Compact construction algorithms for the singlets of SU(N) over mixed tensor product spaces

TL;DR

This paper introduces an efficient algorithm for constructing projection operators onto singlet irreducible representations of SU(N) over mixed tensor product spaces, improving computational efficiency for these specific cases.

Contribution

The paper presents a new, efficient algorithm for constructing projection operators onto SU(N) singlets in mixed Fock space components, avoiding complex translation steps.

Findings

The algorithm simplifies the construction of singlet projections.

It provides transparent access to N dependence in the representations.

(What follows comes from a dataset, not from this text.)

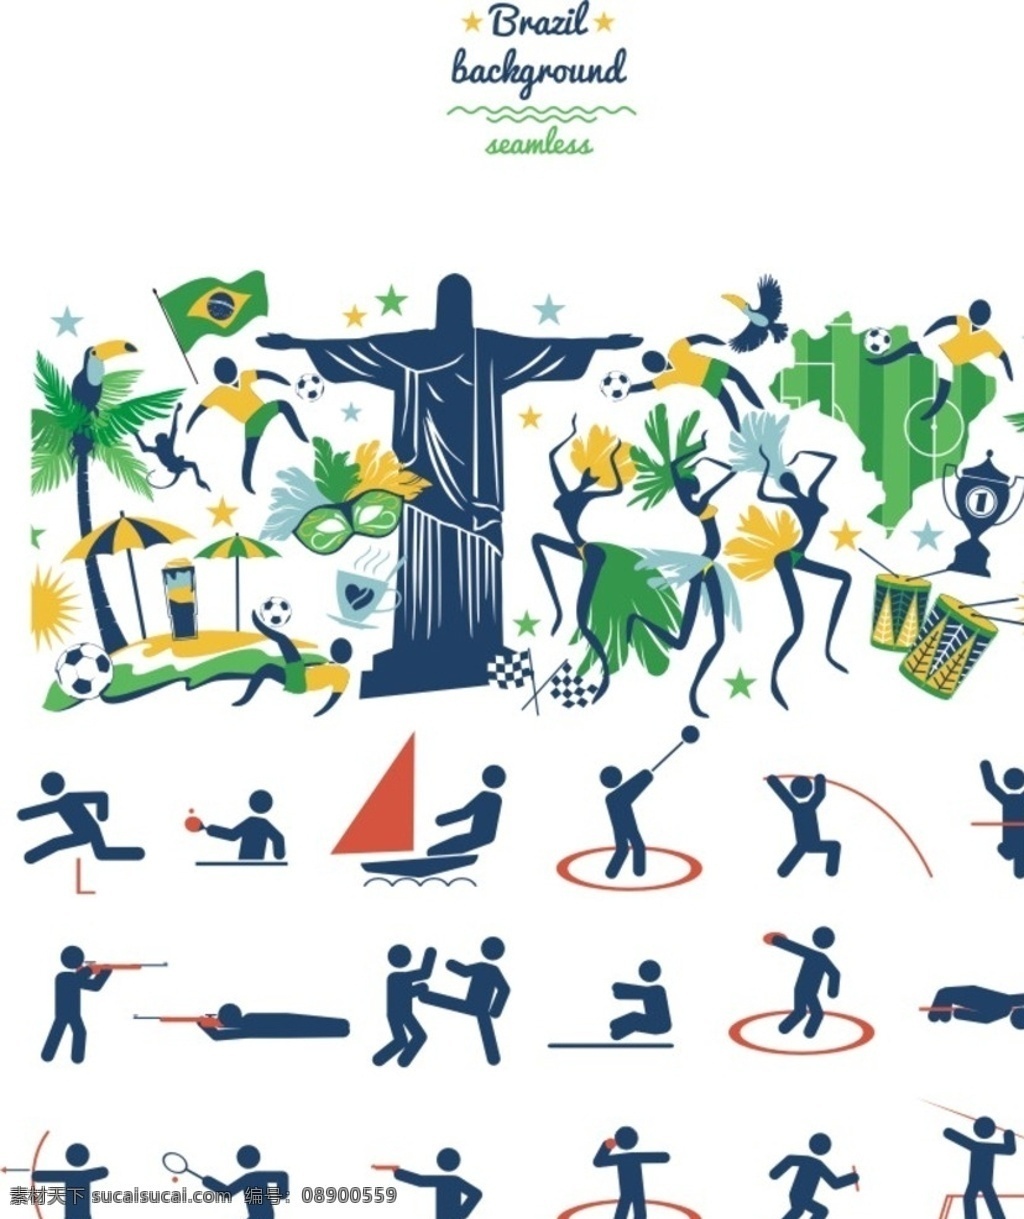 里约奥运会 运动 体育 图标 抽象 人物 文化墙 体育墙 剪影 线条 铅球 帆船 游泳 击剑 网球 体育项目

Comparison shows advantages over previous methods.

Abstract

The irreducible representations of SU(N) over a mixed quark-antiquark Fock space component have been studied for many years. In analogy to the case for the quark-only Fock space component, there exist efficient tools to classify the irreducible representations of SU(N) over a mixed tensor product space using tableaux. Unlike the quark-only case, the only general algorithm known to us for constructing the associated projection operators onto irreducible multiplets involves translating N-1 fundamental factors into an antifundamental factor using the Leibniz rule, which turns out to be computationally extremely inefficient. If one is interested only in singlets, this problem can be entirely avoided as is demonstrated below where we provide an efficient algorithm to construct the projection operatators onto the irreducible representations of dimension 1 of the special unitary group SU(N) over a mixed Fock space component that transparently gives access to N dependence, and discuss the relative merits in comparison to an alternative algorithm briefly discussed in a different context by Keppeler and Sjoedahl.